Aymeris

Part 33

Chapter 333,656 wordsPublic domain

Nous avions pris rendez-vous pour le lendemain, après qu’Aymeris eut poussé ce cri d’allégresse, qui retentit encore dans mon cœur comme les rires d’un pandémonium. N’est-ce pas, d’ailleurs, par ses contradictions et son impuissance tragique à se mettre d’accord avec lui-même, que Georges représentait pour moi un type de Français de son temps, ou plutôt de sa classe si menacée? De même que ses mouvements étaient les réflexes de certains gestes de ses aïeux, ses idées demeuraient étrangement dépendantes des sentiments ataviques. Il s’était battu contre des spectres, avait livré une guerre de cinquante ans contre un certain lui-même, dernier héritier de tant d’Aymeris dont la généalogie remontait loin dans notre histoire, ces grands bourgeois, ou ces hobereaux, ayant tenu chacun sa place dans une société hiérarchiquement organisée. Les efforts de Georges pour se faire la sienne, en pleine désagrégation sociale, étaient aussi vains que spasmodiques. Son intelligence, sollicitée par l’inconnu et le nouveau, désireuse de s’accroître et de s’enrichir par tous les spectacles et toutes les sensations—et Aymeris cultivait comme un malade son inquiétude—il lui manquait à un degré rare, la méthode par quoi _la raison corrige les excès de la sensibilité_. Au point que je doutais parfois de cette intelligence sur laquelle je m’étais peut-être mépris... Je parvenais mal à joindre les différentes parties de sa personne morale. J’avais si bien cru le connaître et sa figure s’éclipsait pour moi!

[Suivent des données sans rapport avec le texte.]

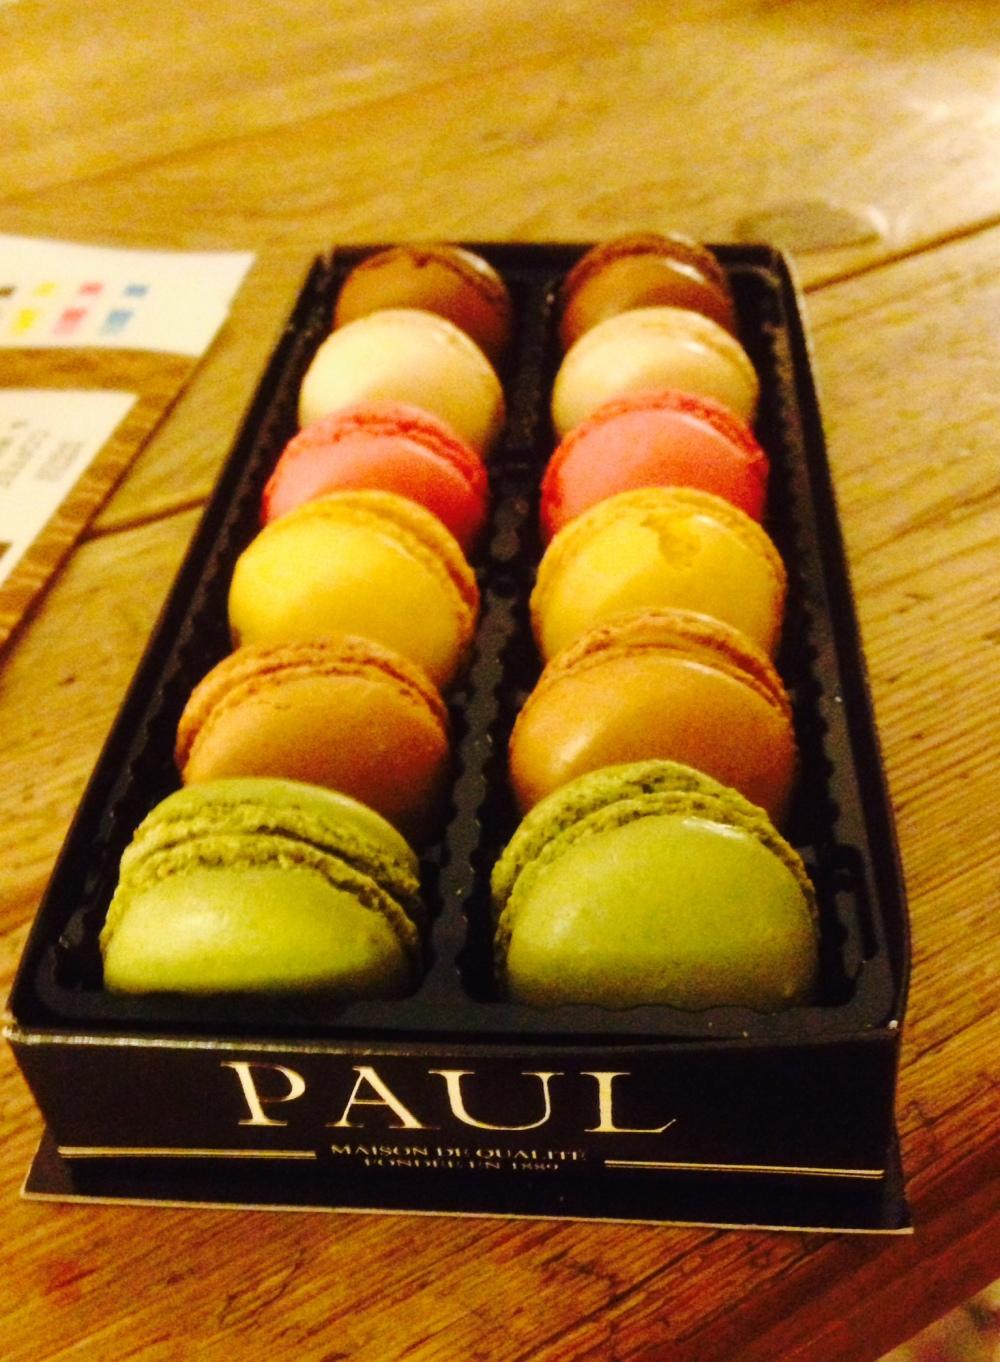 Paul's Macaroons

_Le tort essentiel du principe de liberté, c’est de prétendre suffire à tout et de tout dominer. Il se donne pour l’alpha et l’oméga. Or, il n’est pas l’alpha_, dis-je à Georges Aymeris, songeant à Ch. Maurras que je lisais alors.

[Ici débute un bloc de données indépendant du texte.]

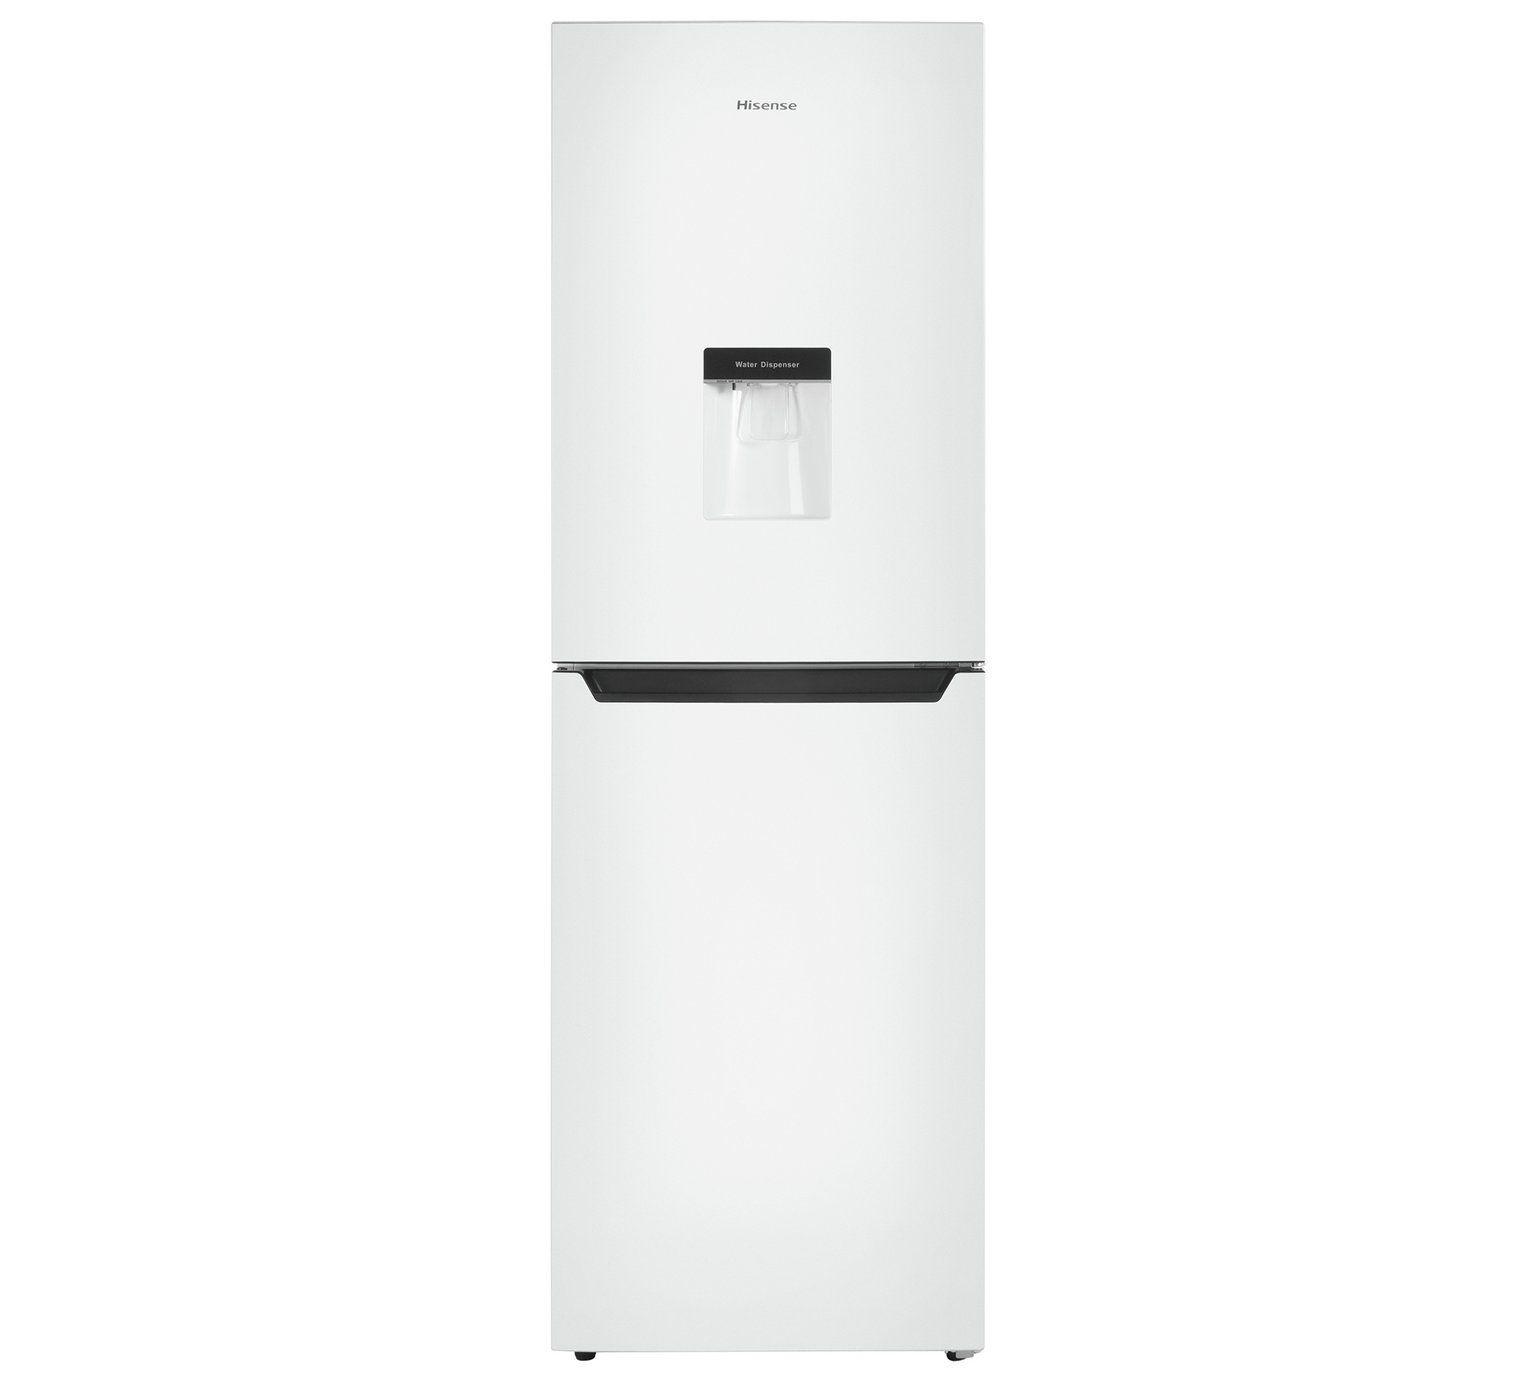 Buy Hisense RB320D4WW1 Fridge Freezer - White at Argos.co.uk, visit ...

Le soir suivant, il ralluma notre conversation de la veille pour corriger ou expliquer certains de ses vagues propos. Il avait parlé d’anarchie d’un ton que je prenais pour de l’approbation; je lui avais dit:—Qu’es-tu donc, mon pauvre Georges? Un anarchiste à rebours, un romantique, un réaliste, un traditionnel, un «évolutionniste»? Ce dont tu manques, plus encore que d’une méthode, c’est d’une Religion, l’_Essentiel_.

Et je lui rappelai les phases du périple qu’il avait, depuis notre rencontre à Cannes, accompli, en art moins encore qu’en politique et en sociologie. J’aurais craint de l’attrister par le souvenir de James dont il avait songé à faire un «citoyen du XX^e siècle», quand nous sortions à peine de l’affaire Dreyfus. Georges, en ce temps-là, quoique irrité par les tendances nouvelles de l’atelier Carrière, et le germanisme envahisseur, n’en avait pas moins fréquenté «l’Etoile bleue» de Levallois-Perret, les «Soirées ouvrières» de Montreuil-sous-Bois, avec Véra Starkoff, le «Germinal» de Nanterre, «l’Egalité» de Maria Vérone, et «la Pensée libre» d’Arcueil-Cachan. Il avait été de ces _bourgeois intellectuels_ sans qui les _U. P._ n’auraient pas pu se créer ni vivre.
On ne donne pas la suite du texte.